Tribes say environmental review of Dakota Access pipeline is flawed
NEW YORK, Sept. 22 (Reuters) – Native American tribes, including the Standing Rock Sioux tribe, told the U.S. Army Corps of Engineers on Wednesday that the Dakota Access pipeline environmental study was biased and urged the Biden administration to bring in the United States. Department of the Interior.
The U.S. District Court for the District of Columbia last year revoked a key environmental permit for the largest oil pipeline in North Dakota’s oil basin and ordered the study.
The tribes, which also include the Cheyenne River Sioux tribe and the Oglala Sioux tribe, said they believe the process is currently designed to justify issuing a new permit at the same location and that the study project does not. did not take into account technical and cultural aspects. information that the tribes presented to the Corps.
“Our participation in the Environmental Impact Statement (EIS) process and the initial draft review reveals that the Corps fundamentally misunderstood the court’s directive and the requirements of the law,” the tribes said in the letter to Jaime Pinkham. , interim assistant. secretary of the public works army.

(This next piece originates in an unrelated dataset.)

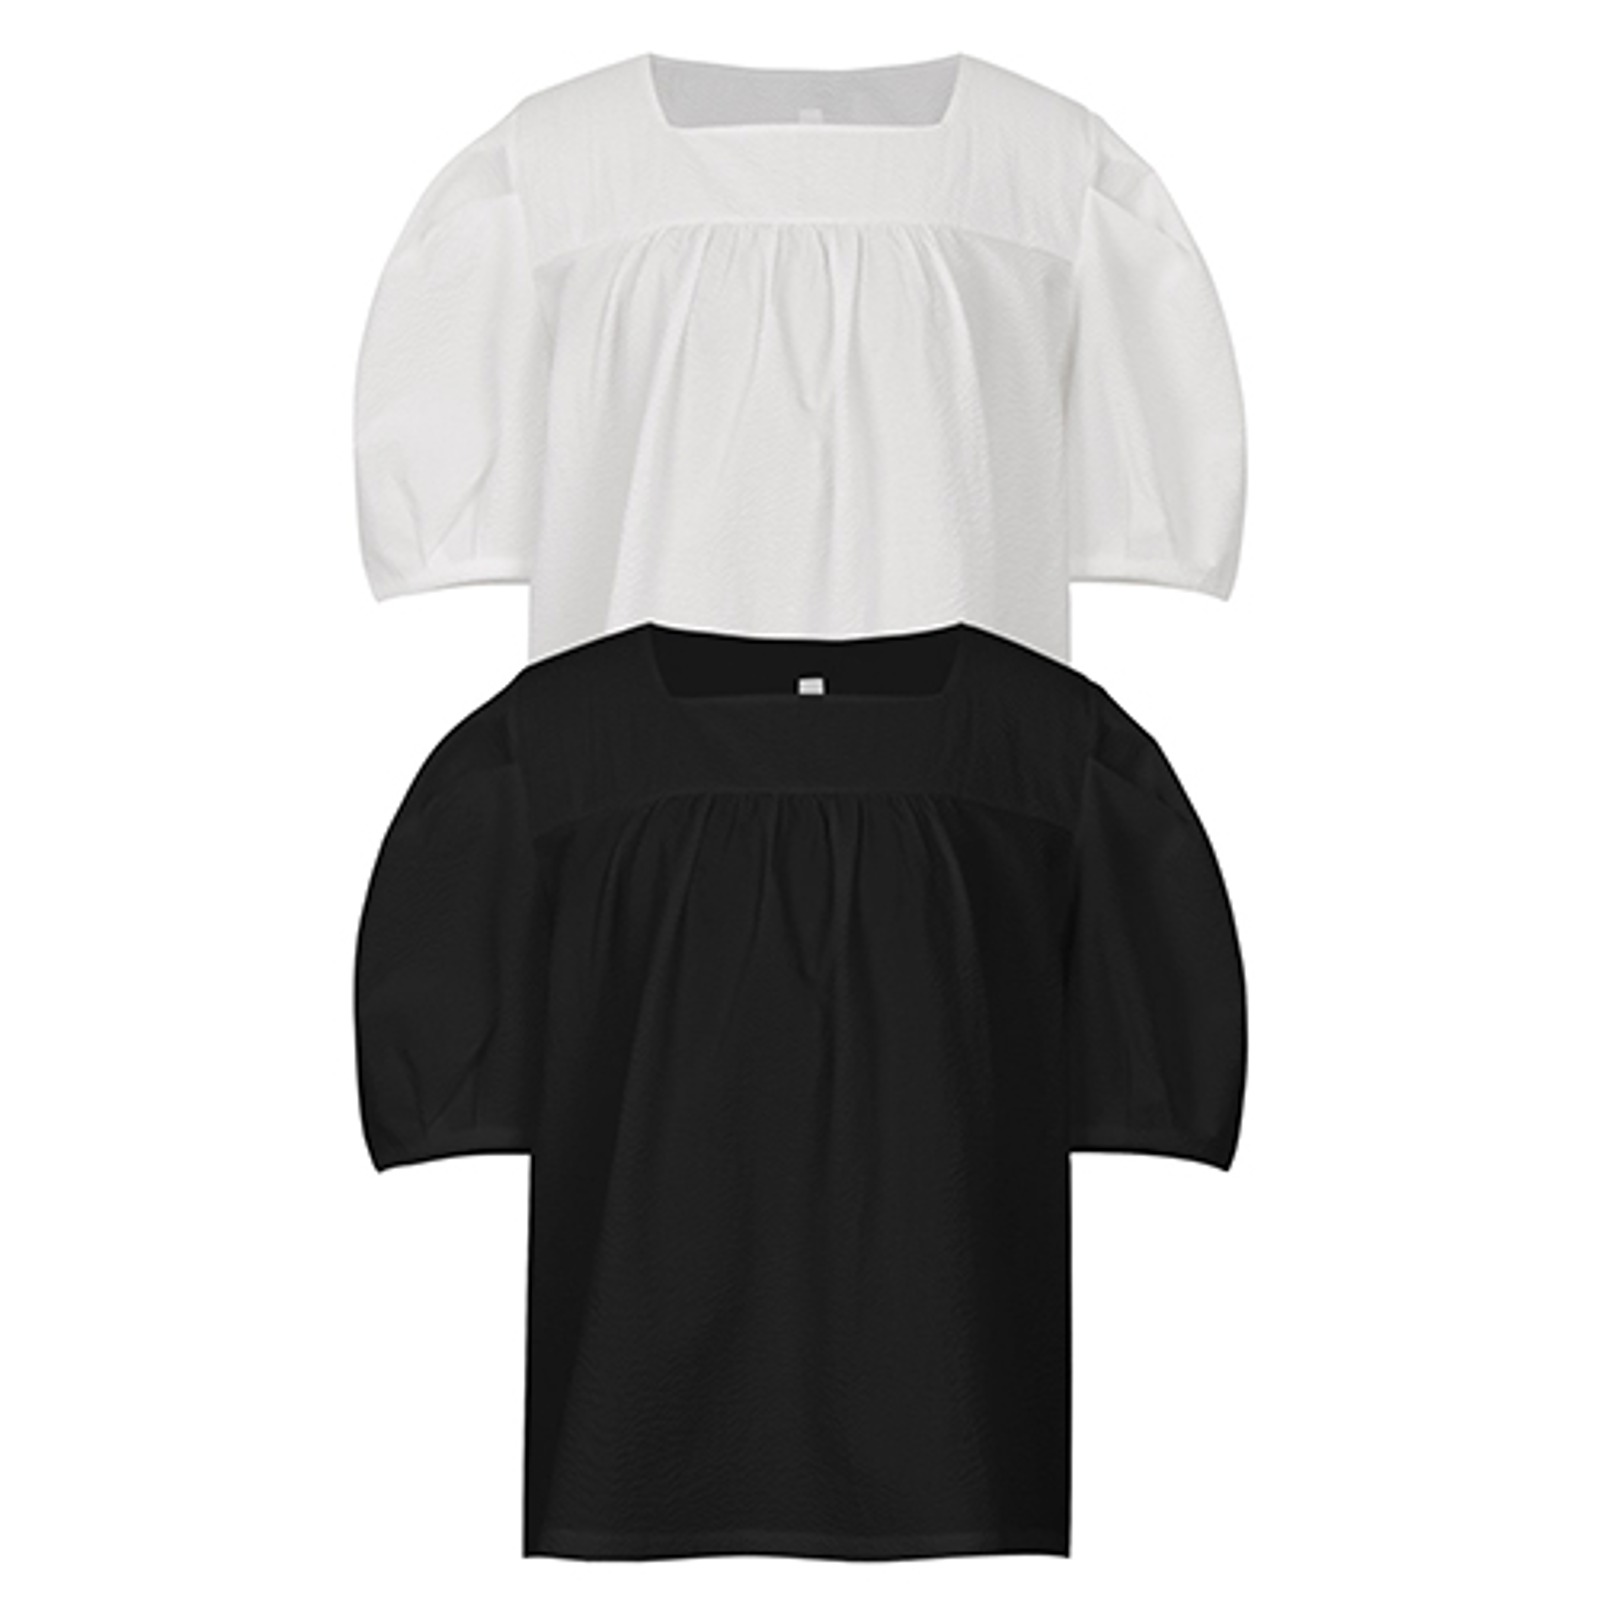 W. Embo blouse Black/White [ 45,000-&gt;25,000 5/16 11:00~5/18 ]

“The administration needs to call on the US Department of the Interior as an equal cooperative agency with the appropriate expertise to help the body focus on the tribal impacts and concerns that motivated this SIA in the first place.”
Earlier this week, the operators of Dakota Access asked the United States Supreme Court to determine whether the 570,000 barrels-per-day pipeline required an additional environmental review. Read more
The pipeline entered service in 2017 after months of protests from environmentalists, Native American tribes and their supporters. Opponents said its construction destroyed sacred artifacts and posed a threat to Lake Oahe, a vital water supply, and the great Missouri River.
Energy Transfer (ET.N), which operates the line, said it was safe. The company did not respond to a request for comment.
The tribes also noted on Wednesday that the company responsible for the EIS – Environmental Resources Management (ERM) – is a member of the industry lobby group American Petroleum Institute, saying it should be replaced.
ERM did not immediately respond to a request for comment.